(The data Opens)

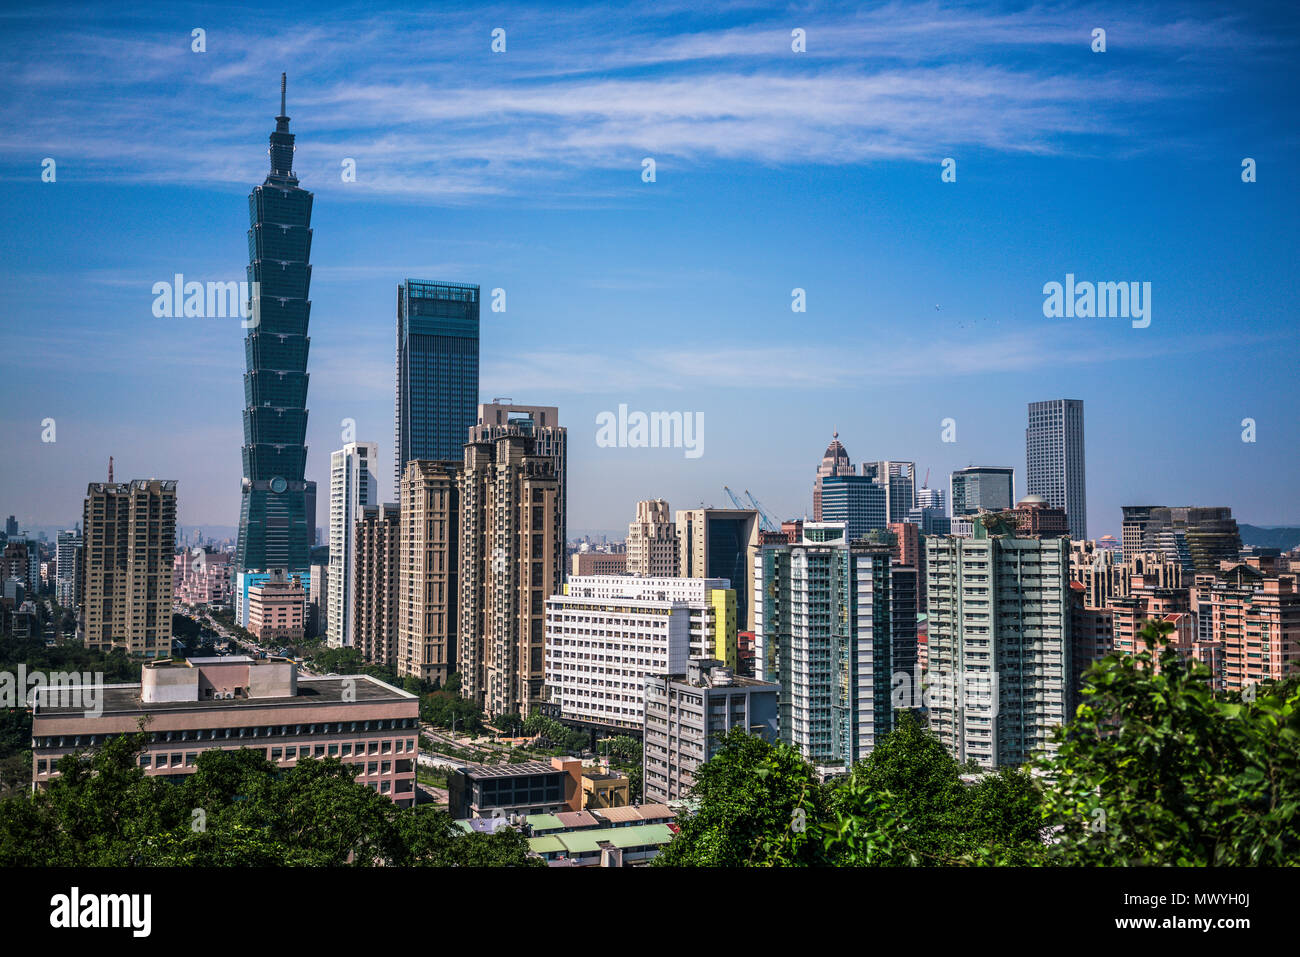 Taipei city skyline with Taipei 101 building viewed from Elephant mountain in Taiwan Stock Photo
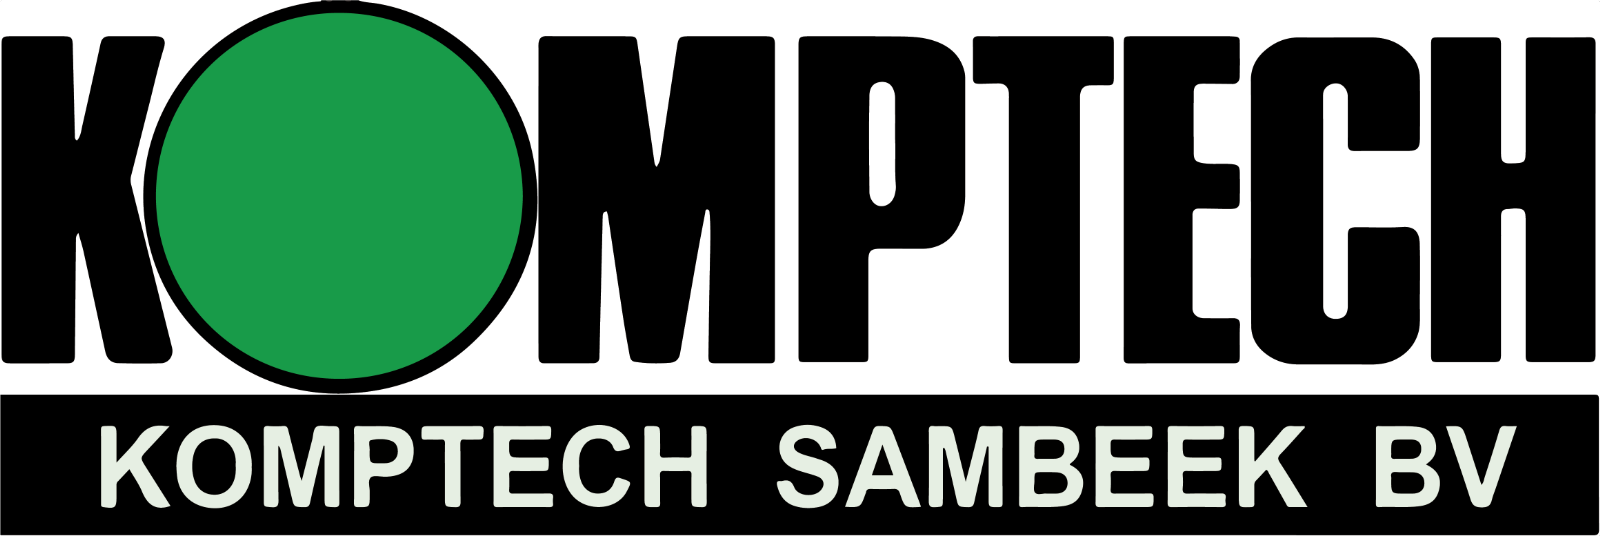 Komptech logo
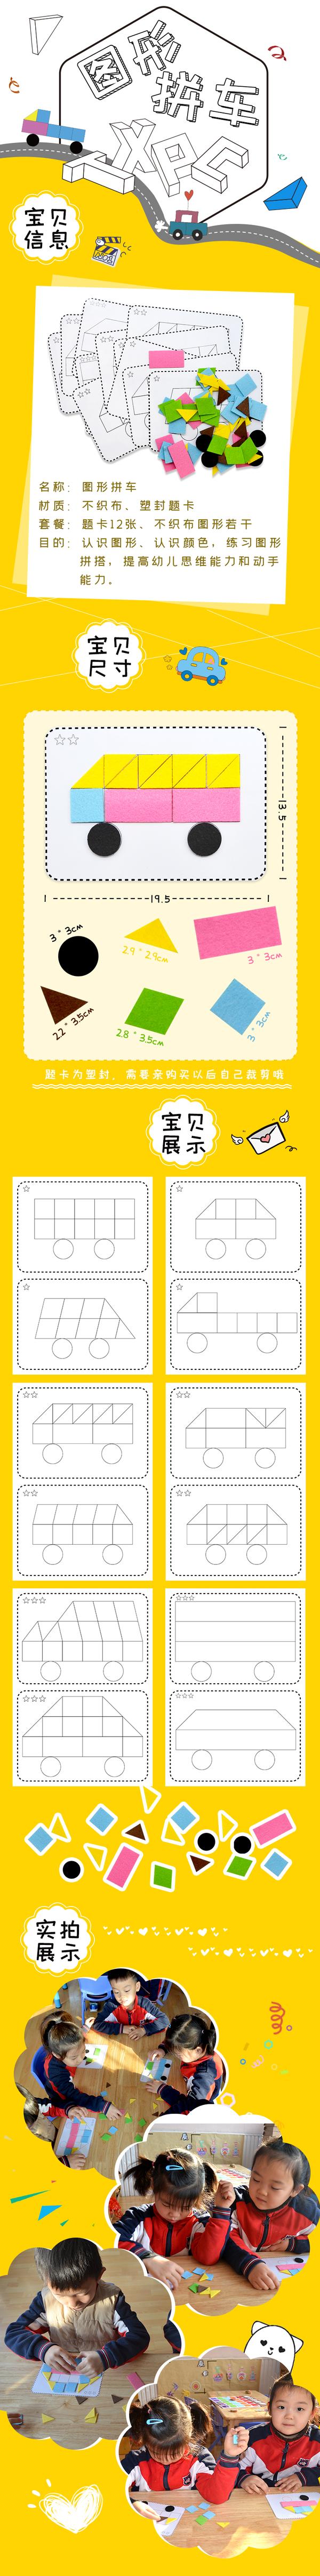 【布好玩_小班益智区】原创幼儿园自制玩教具图形拼车
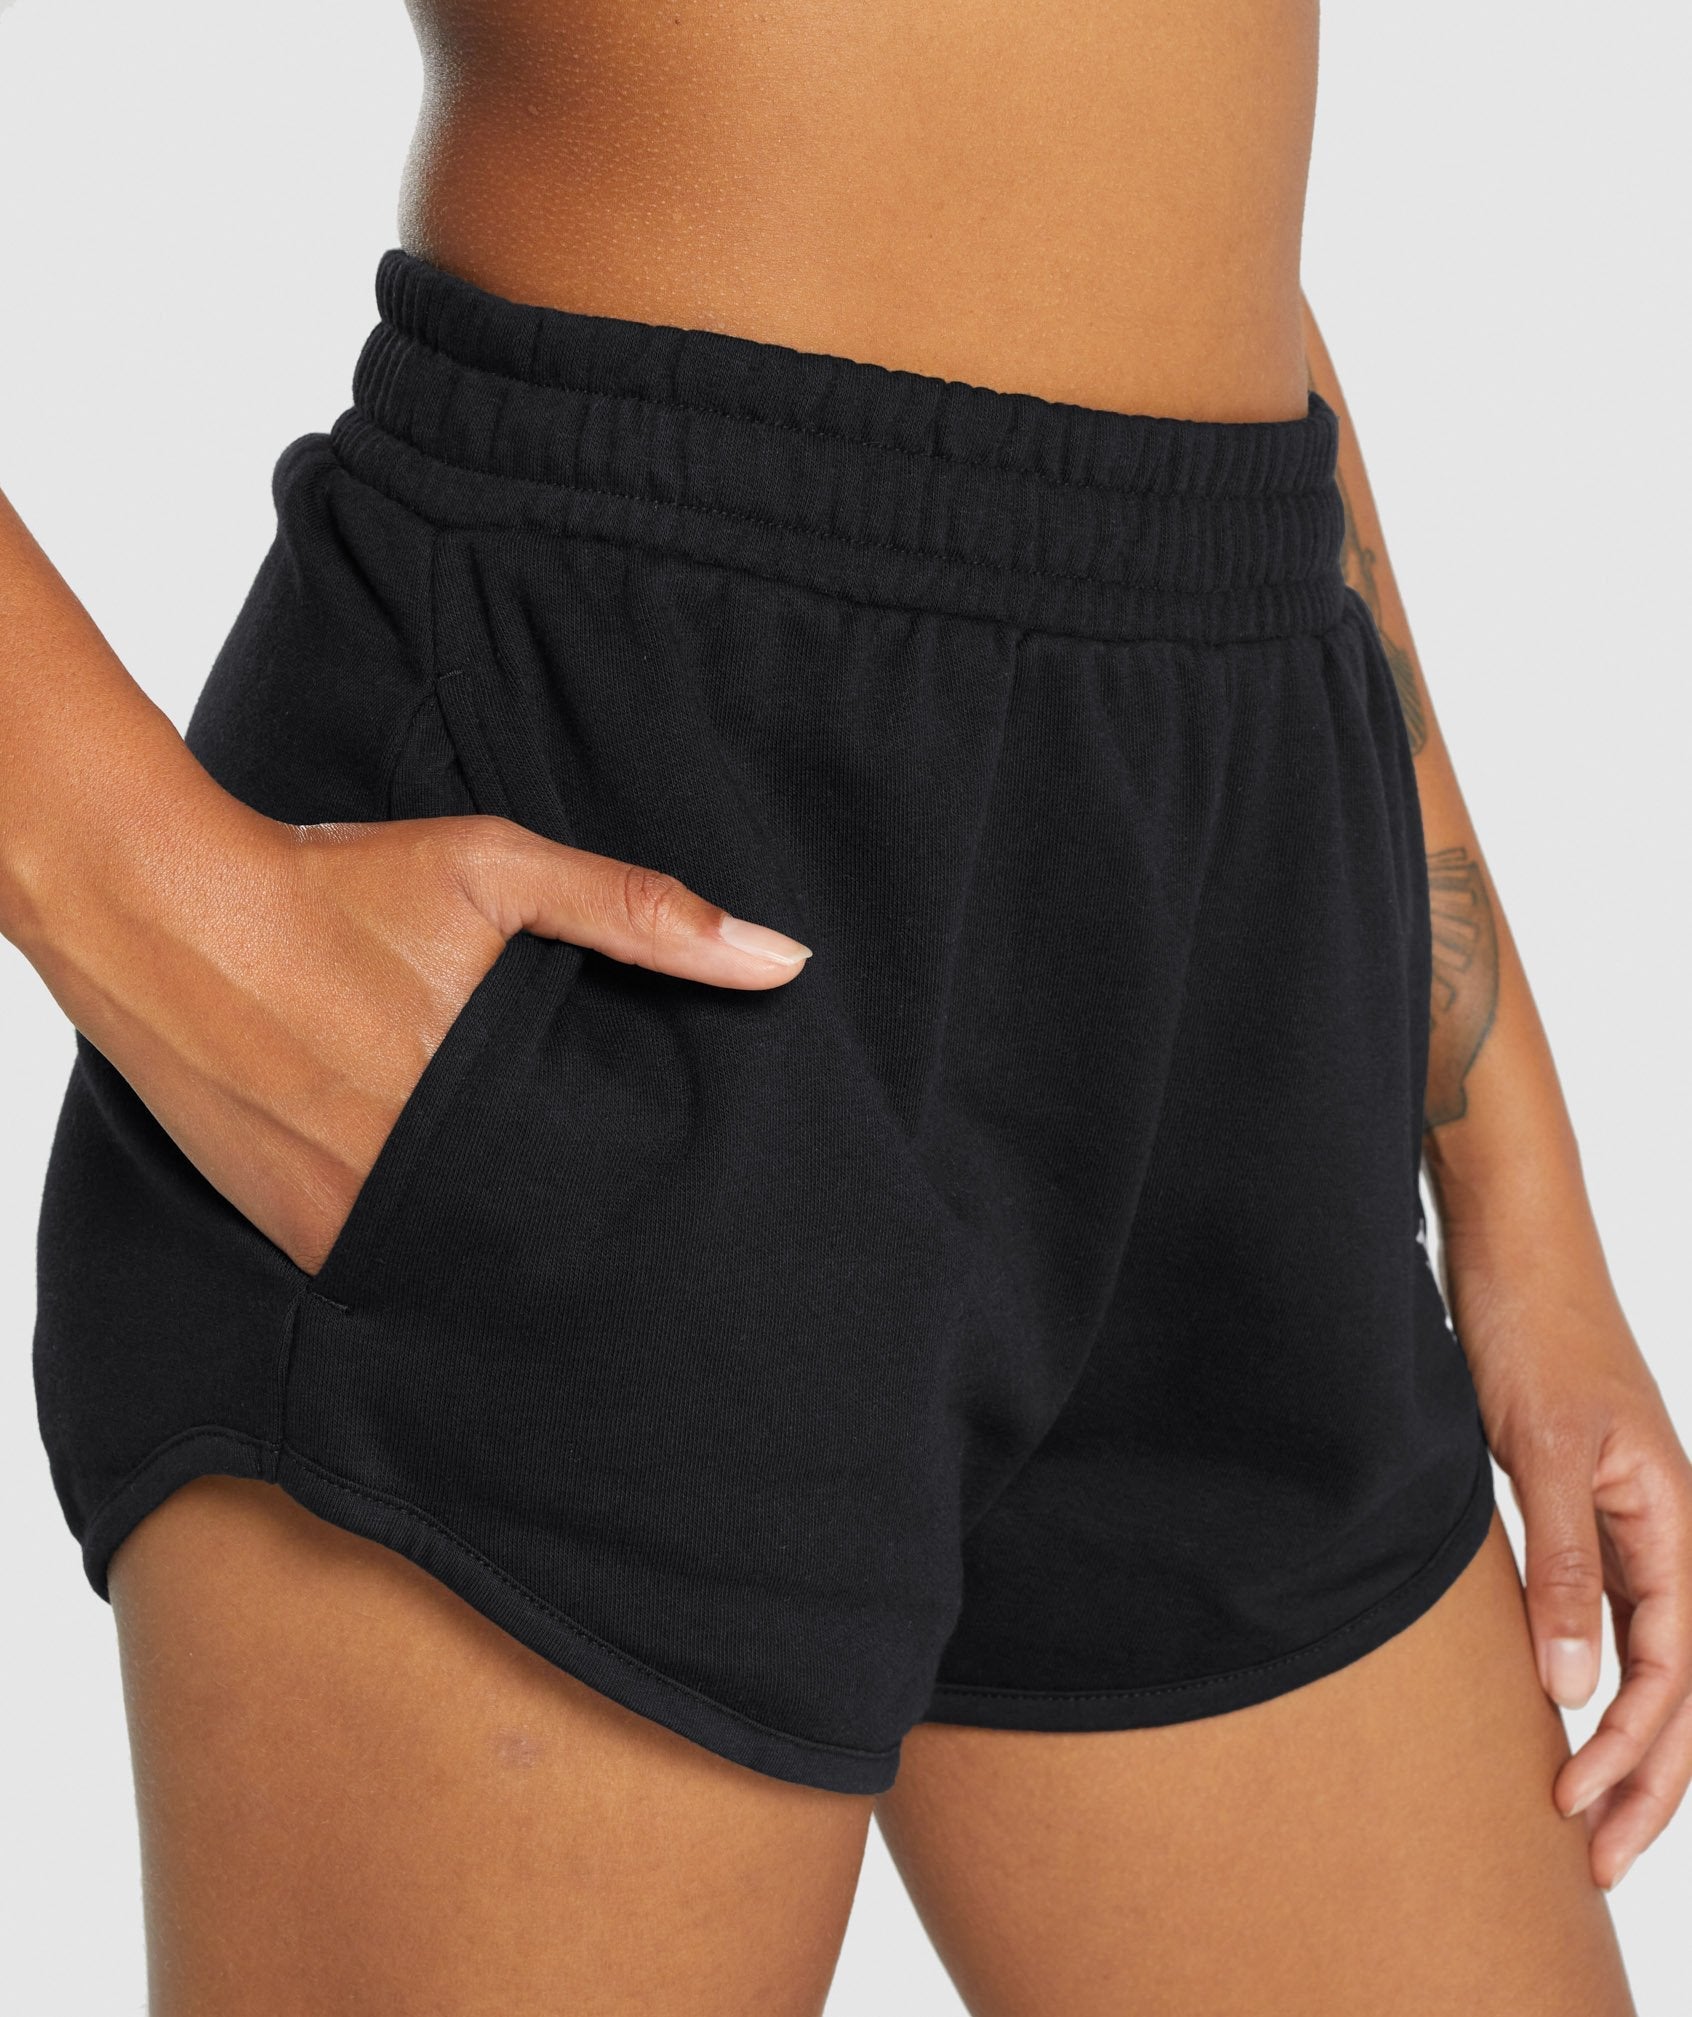 Gymshark Black Pull-on Shorts for Women

(The data Closes)

» **Task instructions**
Reproduce the whole listing above word for word, dropping each image.

» **Response area**
 Taipei city skyline with Taipei 101 building viewed from Elephant mountain in Taiwan Stock Photo
 Komptech logo
 【布好玩_小班益智区】原创幼儿园自制玩教具图形拼车
 Gymshark Black Pull-on Shorts for Women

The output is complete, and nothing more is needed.